The parents of nine-year-old wanted their daughter classified as seriously emotionally disturbed so she could receive special education services.  The hearing officer held for the district and denied placement in special education.  The hearing officer found that the child did exhibit rage and behavioral problems as home and was categorized as “asocial” but she was making significant progress in school.  The officer also found her to be well adjusted in the school setting.  Therefore, the child was benefiting from the regular education program and this is where she would remain.

Bessemer City Board of Education, 19 IDELR 652 (December 16, 1992).
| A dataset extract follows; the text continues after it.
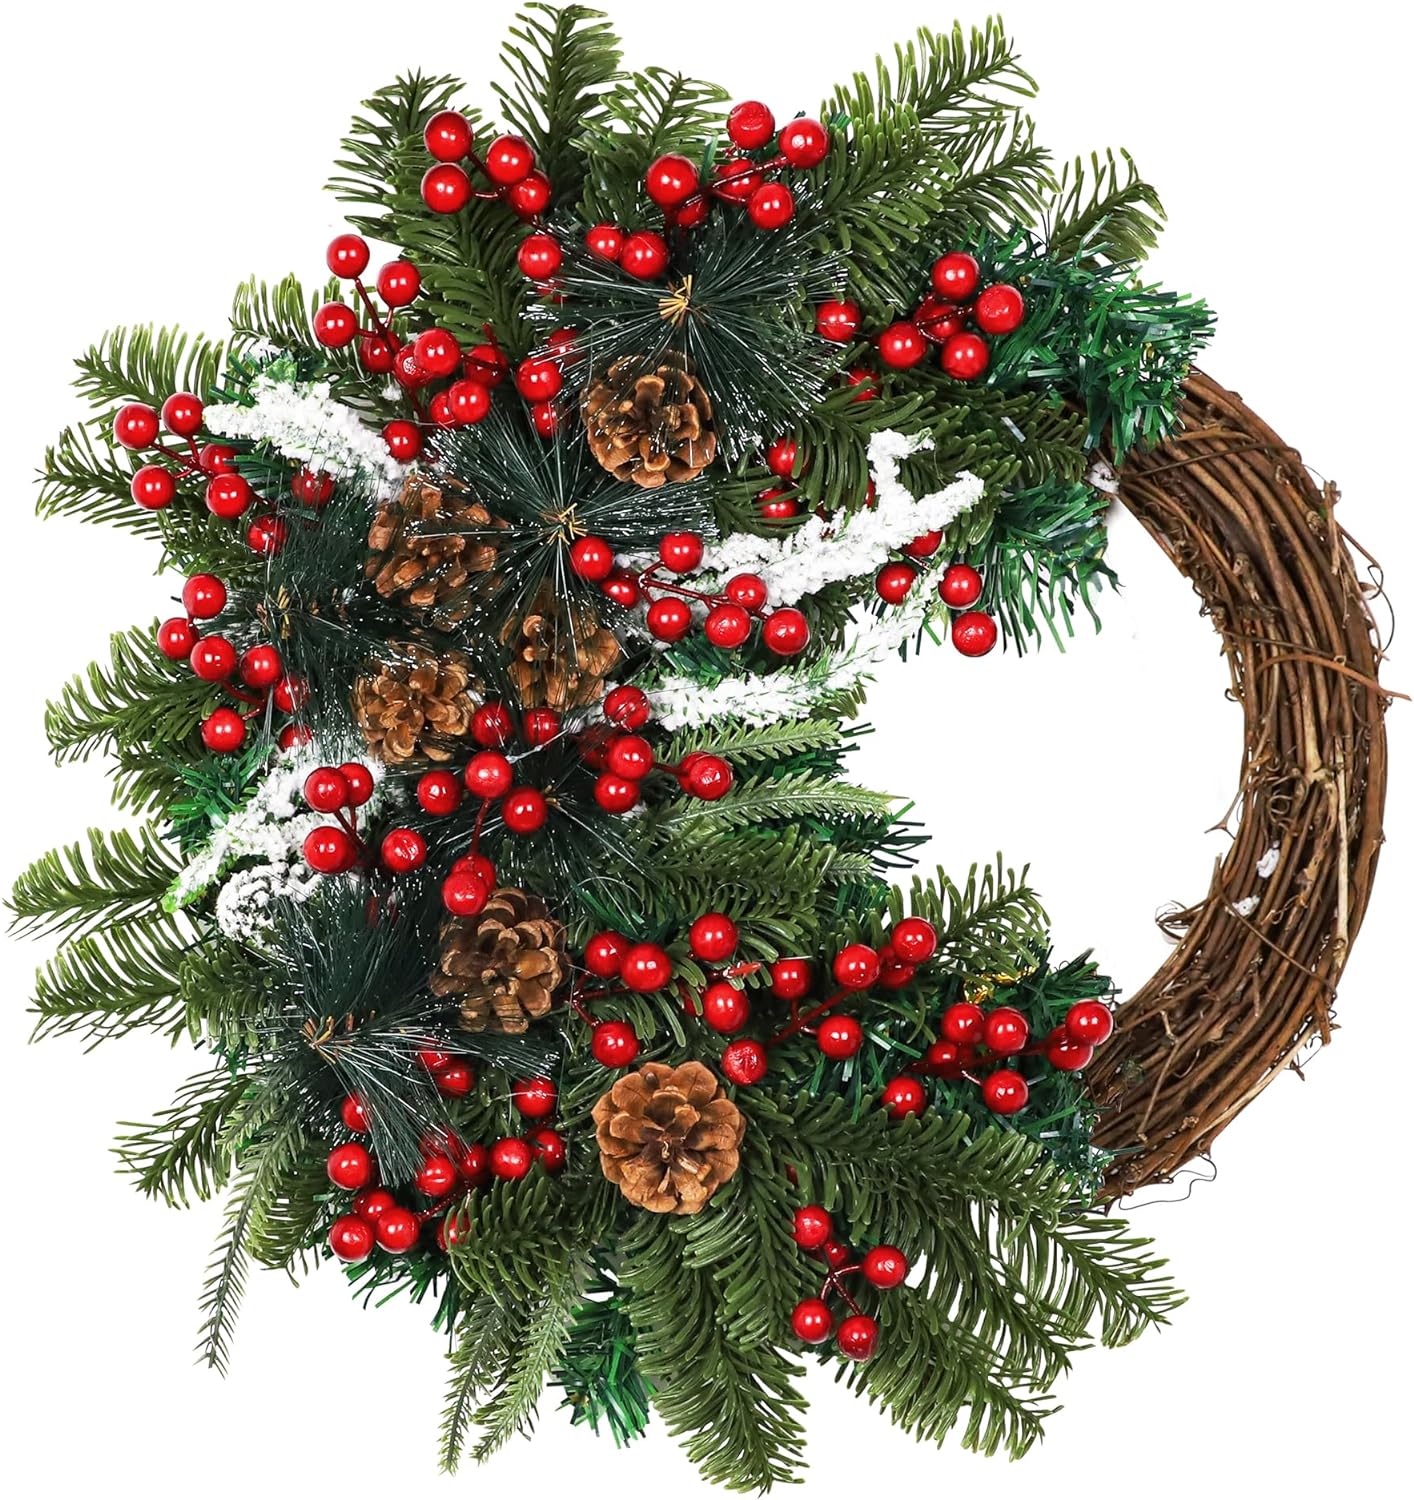 rustic farmhouse christmas wreaths for the front door
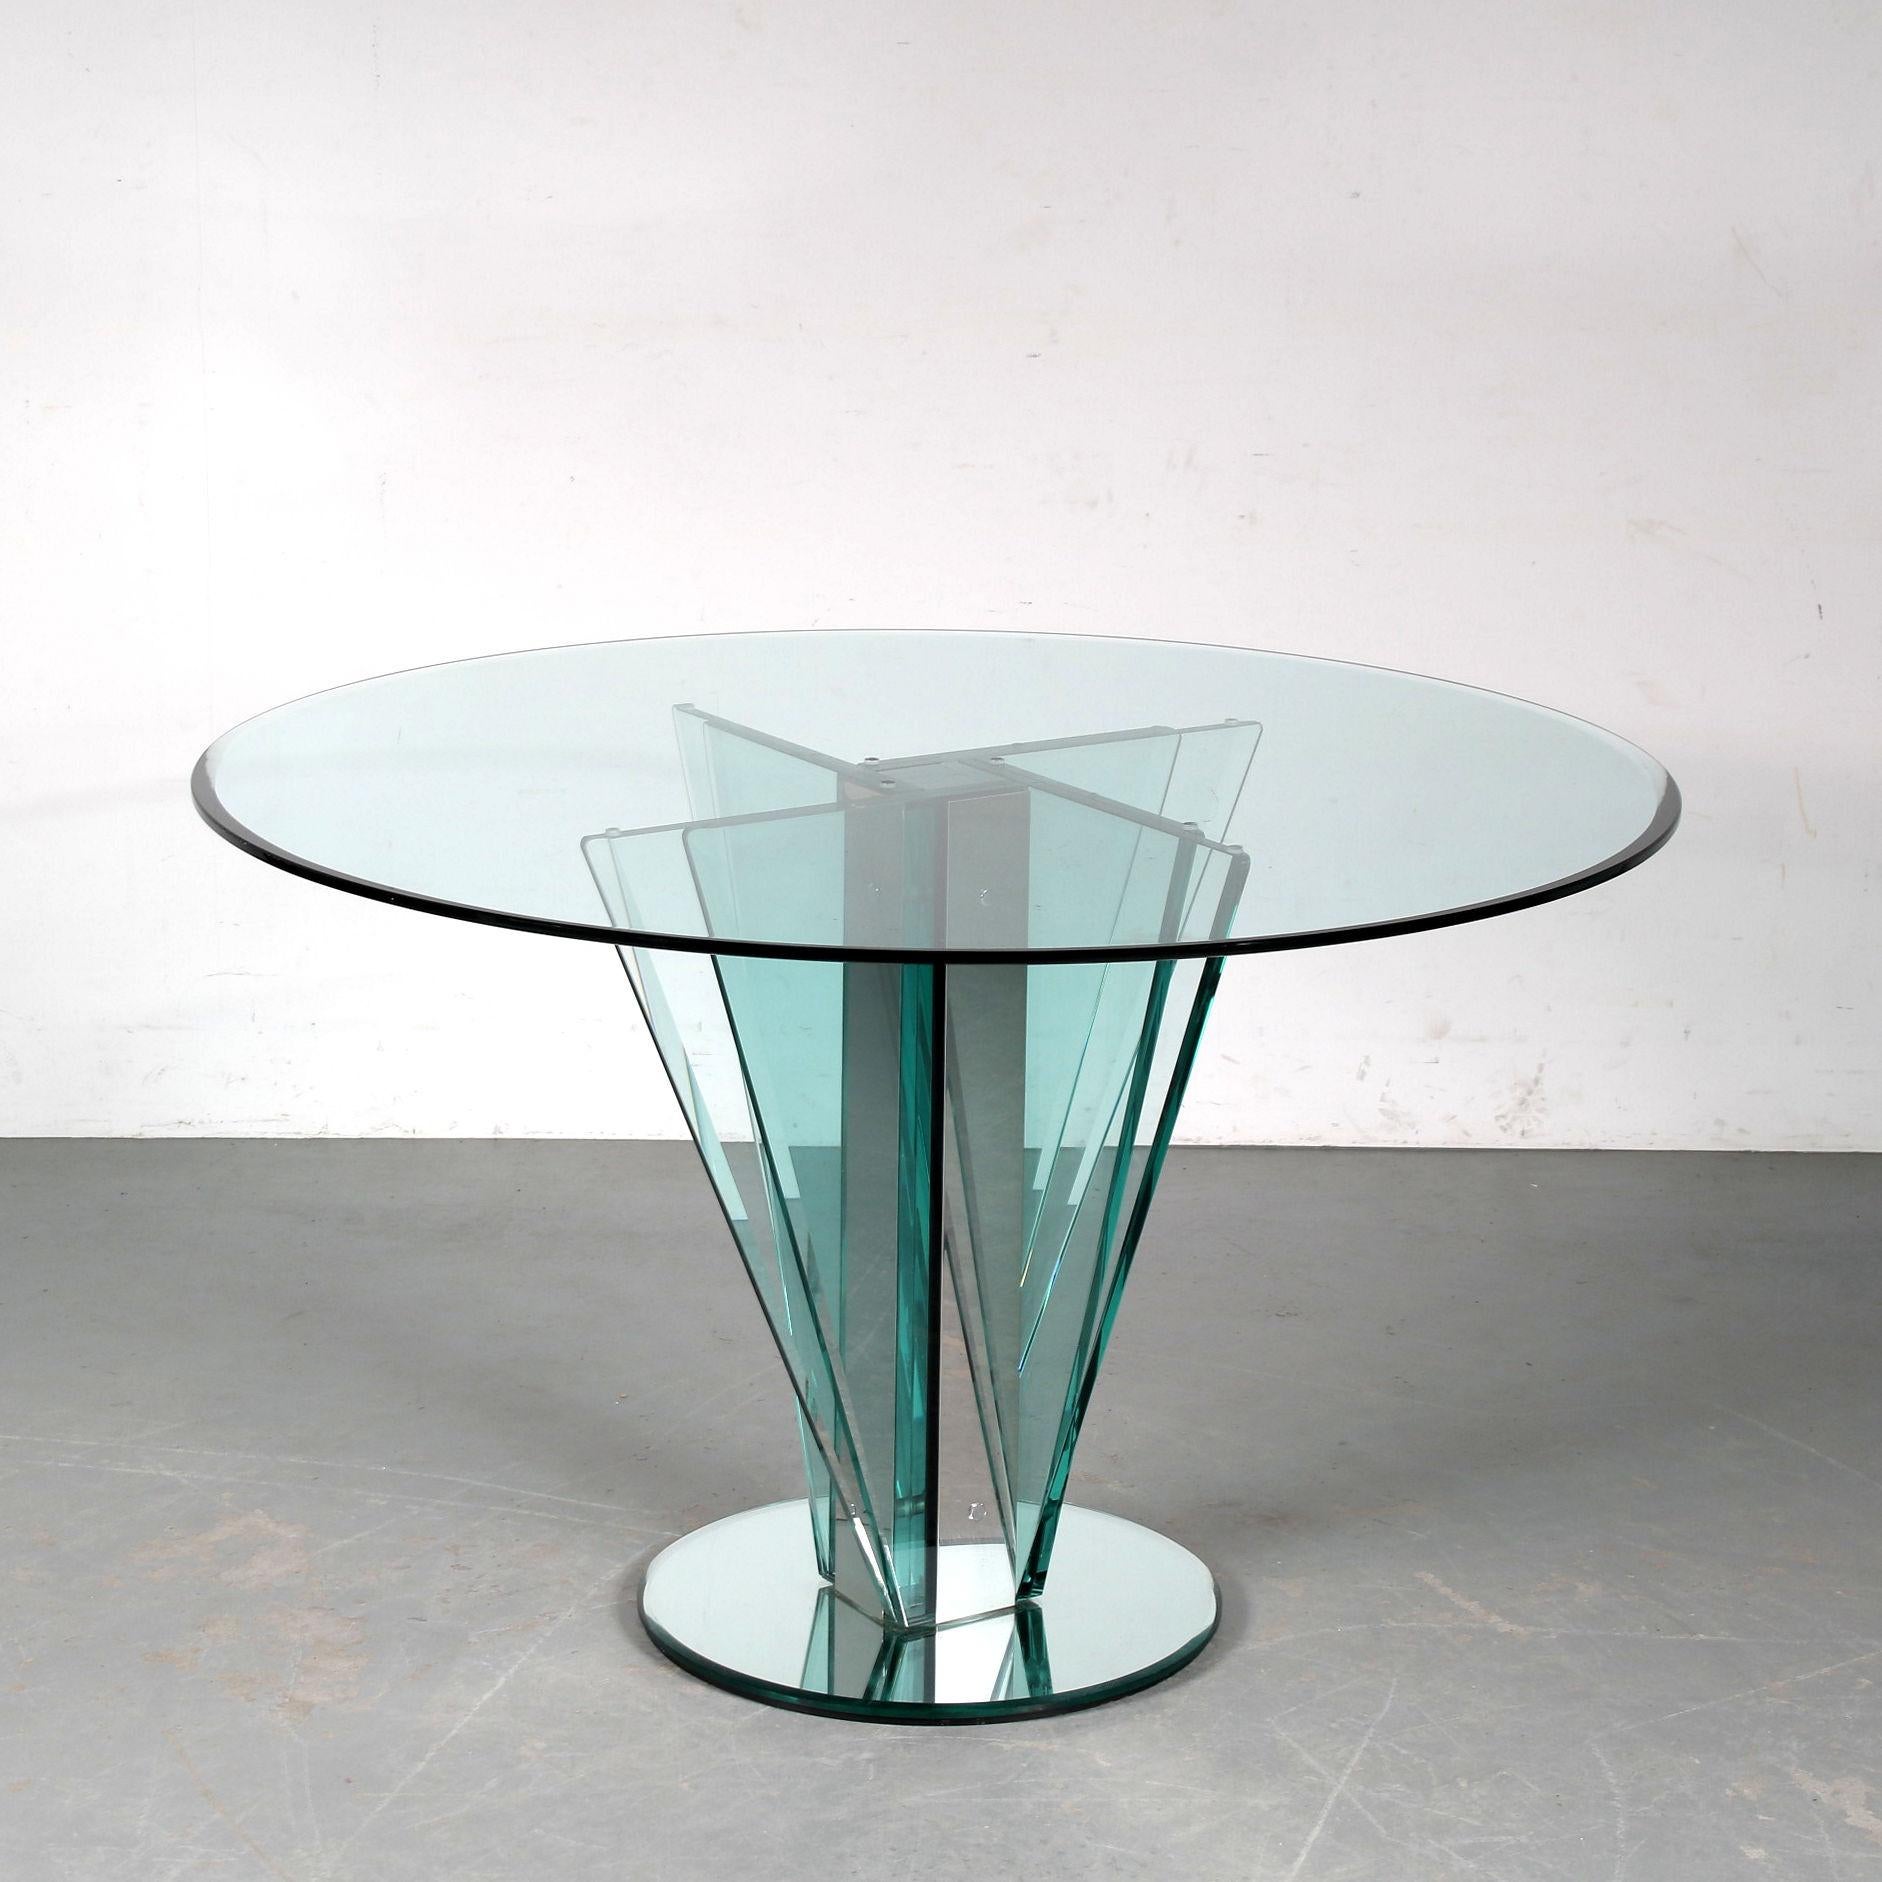 Italian Nile Glass Table attributed to Pietro Chiesa for Fontana Arte, Italy 1970 For Sale

The parent of a student who was expelled form school for fighting brought this action claiming their son was “socially maladjusted” and therefore could not be expelled from school.  The school said that even if the child was socially maladjusted, he would have to meet the IDEA criteria for SED before becoming ineligible for expulsion.  The hearing officer then found that the child did not meet the definition of socially maladjusted, therefore, he was not protected by the state law guarantees for exceptional children, and his expulsion had not been improper.

A. E. v. Independent School District #25 of Adair County, Oklahoma (10th Cir. June 10, 1991; 17 EHLR 950).

Parents of a child sought to have their daughter classified as emotionally disturbed so she could receive special education services.  This court affirmed the ruling of the trial court in finding the child was not emotionally disturbed.   The testimony present in the case supported the finding that A.E. suffered from a conduct disorder, but was not SED within the federal definition.  A.E. would continue to receive services for her learning disability in math, but not services for the SED diagnostic category.

Doe v. Board of Education of the State of Connecticut, (D. Conn. October 24, 1990; 17 EHLR 37).

The parents of a child with emotional problems brought an appeal from the hearing officer’s decision.  Although it was confirmed the child had some emotional difficulties, it was determined that these did not impede or adversely affect his educational performance.  The district court affirmed the decision of the state board of education that Doe was not SED and therefore was not entitled to special education services.


Special educators have renewed their debate over how to define children with emotional disturbances who qualify for special education when the new IDEA was proposed.  The new IDEA did drop the word “serious” from emotionally disturbed but this change will not have an effect on the definition.  Until an entirely new definition is created listing specific behaviors that can be observed in interviews and in social settings, this area of law will continue in the direction of denial of services.